Kafka keeps recent segments locally (fast disk), and older, completed segments are uploaded to remote storage.

This allows Kafka to behave both as a high-performance message broker and a long-term event store — without separate data pipelines.

3. How it works🔗

a. Log segments🔗

Kafka stores each partition’s data as a series of log segments (files).
As the partition grows, older segments are rolled over (closed) and new ones are started.

b. Remote offloading🔗

Once a segment is closed (no new messages are appended), Kafka can upload it to the remote tier (e.g., S3 or HDFS).
The local copy can then be retained for a shorter time and eventually deleted based on local retention policy.

c. Dual retention policies🔗

You can define different retention policies for the two tiers:

Local retention: how long segments stay on broker disk (e.g., a few hours).
Remote retention: how long segments stay in the remote tier (e.g., days, months, or indefinitely).

This means brokers maintain only the active tail of the log locally, while the remote tier keeps historical data for long-term access.

4. Accessing data from both tiers🔗

Kafka abstracts both storage layers under the same log interface.

Consumers reading recent data (tail reads) → Served from local tier (fast disk I/O and page cache). These are typically real-time stream processors or dashboards.
Consumers reading older data (backfill or reprocessing) → Served from remote tier (fetched over the network from S3/HDFS). These are typically analytics, ETL, or replay jobs.

The switch between local and remote is transparent — clients don’t need to know where the data physically lives.

5. Components introduced by Tiered Storage🔗

a. RemoteLogManager🔗

A new internal Kafka component introduced in KIP-405. It handles:

Tracking which log segments have been uploaded.
Coordinating uploads, downloads, and deletions of remote segments.
Integrating with retention policies for both tiers.

Each broker runs a RemoteLogManager to manage the remote copies of segments it owns as leader.

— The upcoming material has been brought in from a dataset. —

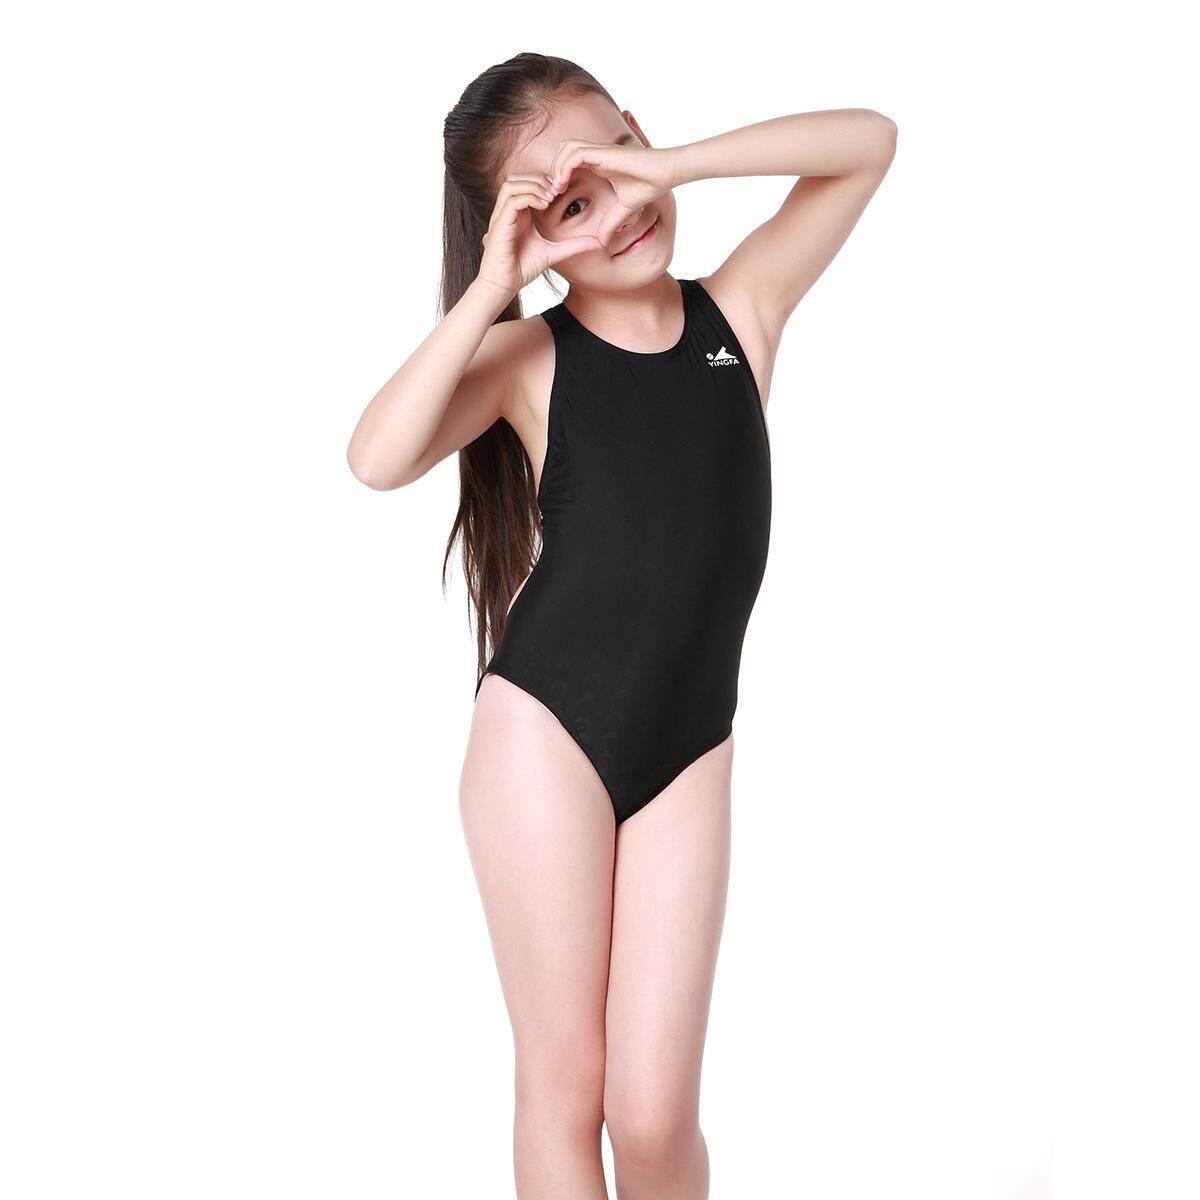 Yingfa Baju Renang Anak-anak Pakaian Renang Bahan Sisik Ikan Pola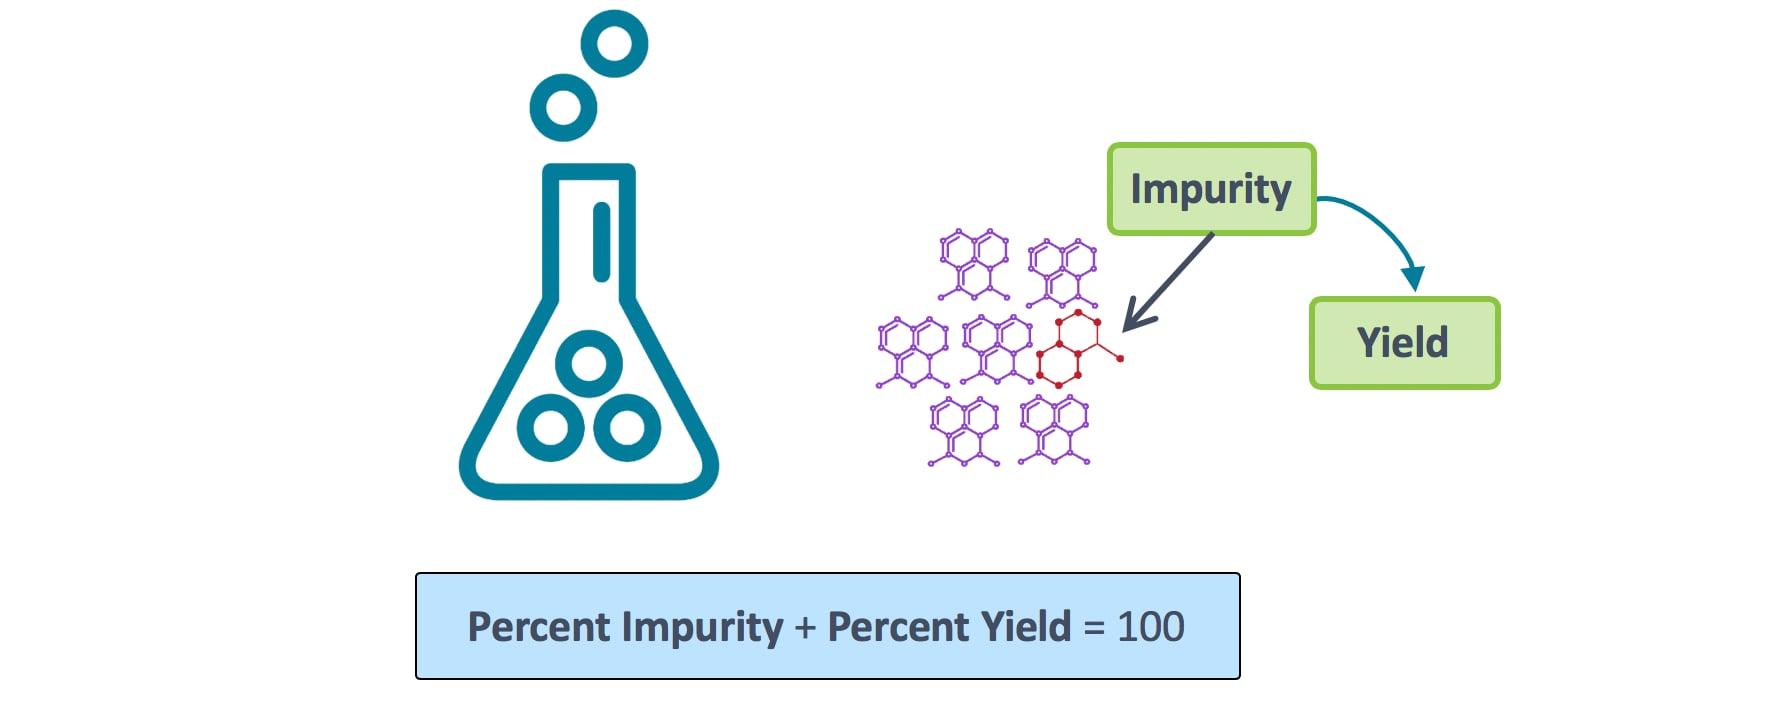 mlr-impurity-diagram

b. Remote Storage Connector (plugin layer)🔗

Kafka uses a pluggable interface to talk to various remote systems. For example:

AWS S3 connector
HDFS connector
Azure Blob connector

These connectors implement how to upload, download, list, and delete log segments.

c. Metadata tracking🔗

Kafka must keep track of:

Which segments exist locally,
Which are in remote storage,
And which offsets correspond to each.

This metadata is replicated via the Kafka controller and metadata topic, ensuring consistency across brokers.

6. Benefits of Tiered Storage🔗

1. Infinite (practically) retention🔗

Because old data is offloaded, retention is no longer constrained by broker disk size.
You can store months or years of data at a fraction of the cost.

2. Lower cost per GB🔗

Brokers only need fast storage for recent data.
Older data can live in cheaper cloud object storage (S3, GCS, Azure Blob, HDFS).

3. Independent scaling🔗

Storage can now scale independently from compute.
You can add capacity to S3 without adding brokers.

4. Faster elasticity and recovery🔗

Rebalancing or replacing brokers becomes much faster:
Old segments already in remote storage don’t need to be copied again.
Brokers only rebuild metadata and local active segments.

5. Isolation between workloads🔗

Previously, consumers reading old data competed with real-time consumers for disk I/O.
With tiered storage:
Old reads → remote storage (network I/O)
New reads → local disk
Result: better latency isolation and less interference between workloads.

6. Simplified architecture🔗

No need for separate ETL pipelines to move data from Kafka to S3 or HDFS.
Kafka itself becomes a complete event store.

7. Performance impact (based on KIP-405 measurements)🔗

The Kafka team tested tiered storage in several workloads:

Use Case	Without Tiered Storage	With Tiered Storage	Observation
Normal high-throughput workload	p99 latency ≈ 21 ms	p99 latency ≈ 25 ms	Slight latency increase due to background uploads to remote storage.
Consumers reading old data	p99 latency ≈ 60 ms	p99 latency ≈ 42 ms	Significant improvement because old reads come from remote storage, not competing with hot disk reads.

So even though there’s a small penalty for offloading, the overall cluster performance improves for mixed workloads.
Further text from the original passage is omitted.